I had to try this, primarily because... well, I wanted to eat it. Beyond that, though, it would provide the perfect jumping-off point for BEEF WEEKEND.
What's that, you say?
Why, it's a completely made-up holiday that I've celebrated here in late February every year since 2020. What's it involve? Eating beef, mostly. Why? I don't know. But it's led to some great stuff here, like the development of my elevated-cafeteria-food favorite, Sloppy Julias.

Is it weird to do this on the first Friday of Lent? Probably, but that wasn't on purpose.
For the kebabs themselves, I hewed closely to the NYT Cooking version of the recipe, with some slight modifications.
Sheet-Pan Döner Kebabs
- 2 onions, finely chopped
- 1/4 cup olive oil
- 1 pound ground beef
- 1 pound ground lamb
- 1/2 cup full-fat plain Greek yogurt
- 2 tablespoons paprika
- 2 tablespoons dried oregano
- 2 tablespoons ground cumin
- 1-1/2 tablespoons garlic powder
- 1 tablespoon kosher salt
- 1 tablespoon fresh-ground black pepper
Preheat your oven to 400F.
Run the onions and olive oil through a food processor to form a paste; if you don't have a food processor, I've had good luck grating onions on the large holes of a box grater before to achieve the same effect. In a large mixing bowl, combine the onion-oil paste, the meats and spices and mix until well-combined; I used a Danish dough whisk to help the process along.
Split the mixture into six portions, and lay each one between two sheets of parchment paper (NOT wax paper–this is going in the oven). Roll between the sheets until they're a quarter-inch thick, then fold the flattened mixture over itself lengthwise like you're rolling up a sheet of puff pastry, about an inch wide per fold. Repeat with each portion, then lay the prepared rolls out on a baking sheet. Bake for 30-40 minutes, stopping midway through to pour off some of the grease that collects in the pan. (The Times recipe saves this to whisk into a sauce; that's too far for me, and I just used a regular tzatziki.) Once it's looking nicely browned, unroll from the parchment–it'll fall apart a bit, but in a way that kinda looks like it's cut off a spit.

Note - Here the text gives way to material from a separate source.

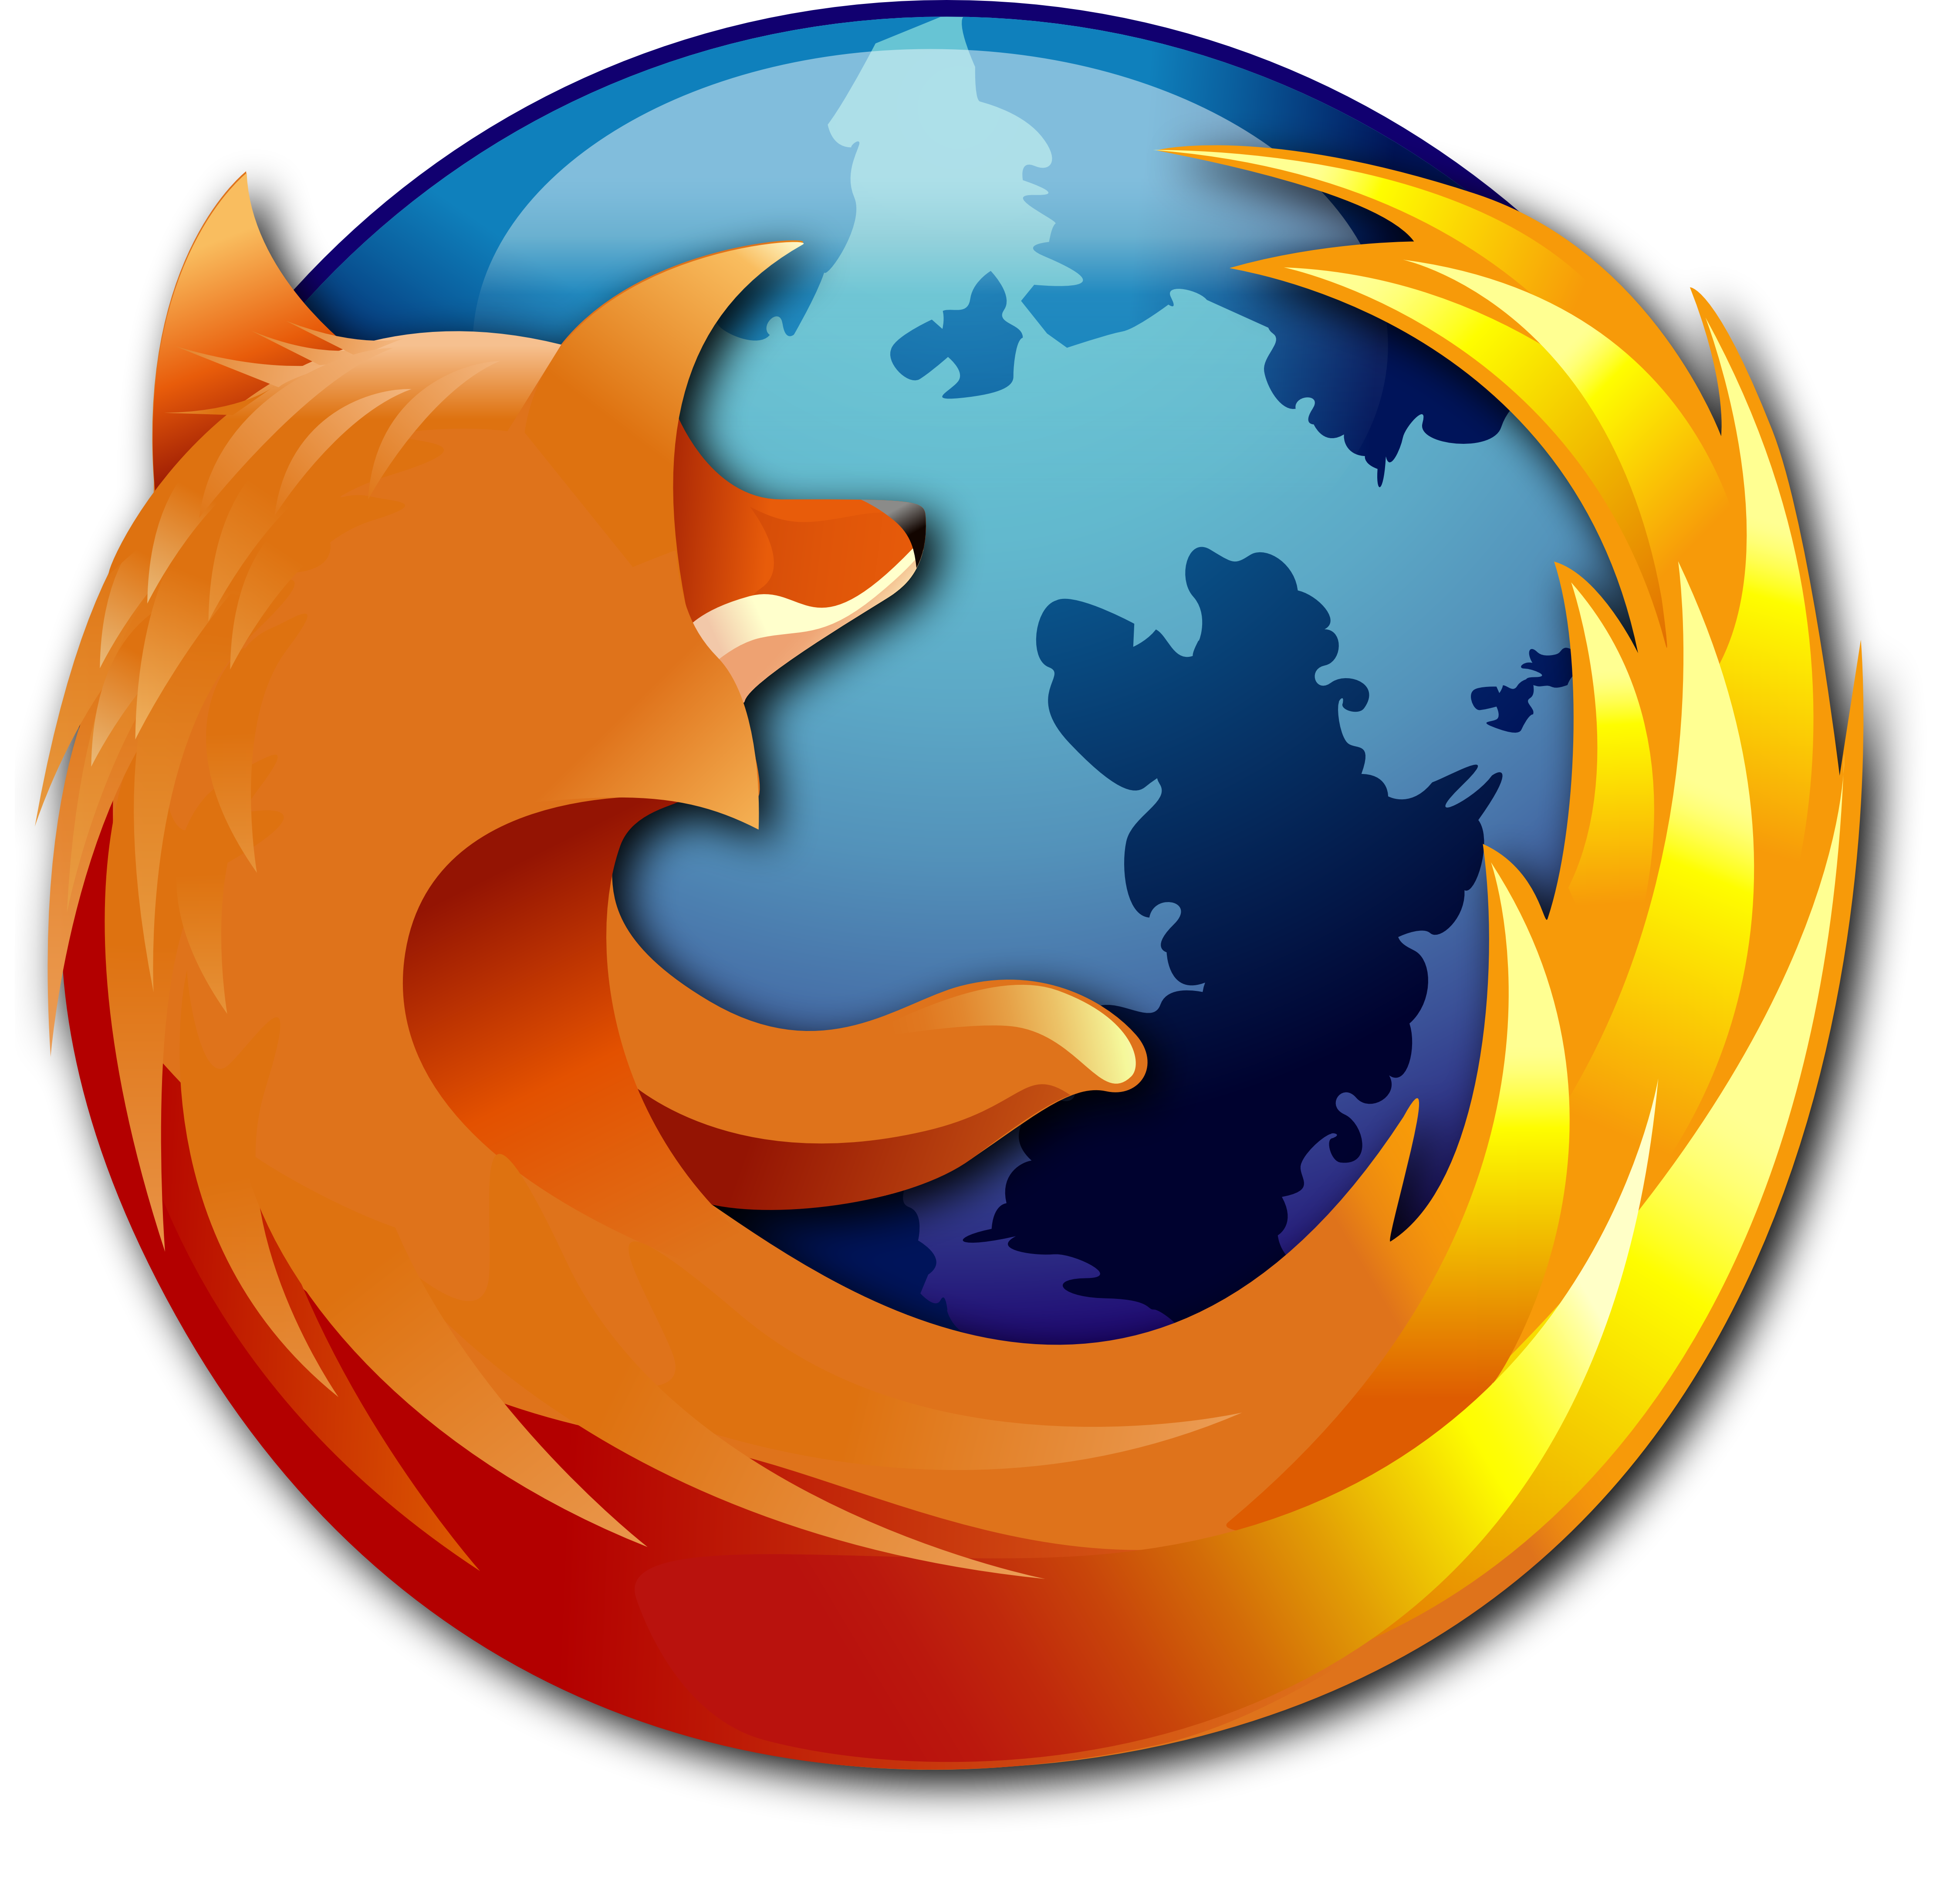 Mozilla Employees, Board Members and Developers Revolt After Brendan Eich Hire

It turned out pretty good!
Maybe not as good as it'd be off a streetside spit, but darn tasty for something out of my home oven.

Of course, replicating this recipe wasn't my actual end goal.
I realized from the get-go that this meat would make an excellent pizza topping, and so I used the ample leftovers for just that purpose, assembling what might be the best pizza I've ever made at home?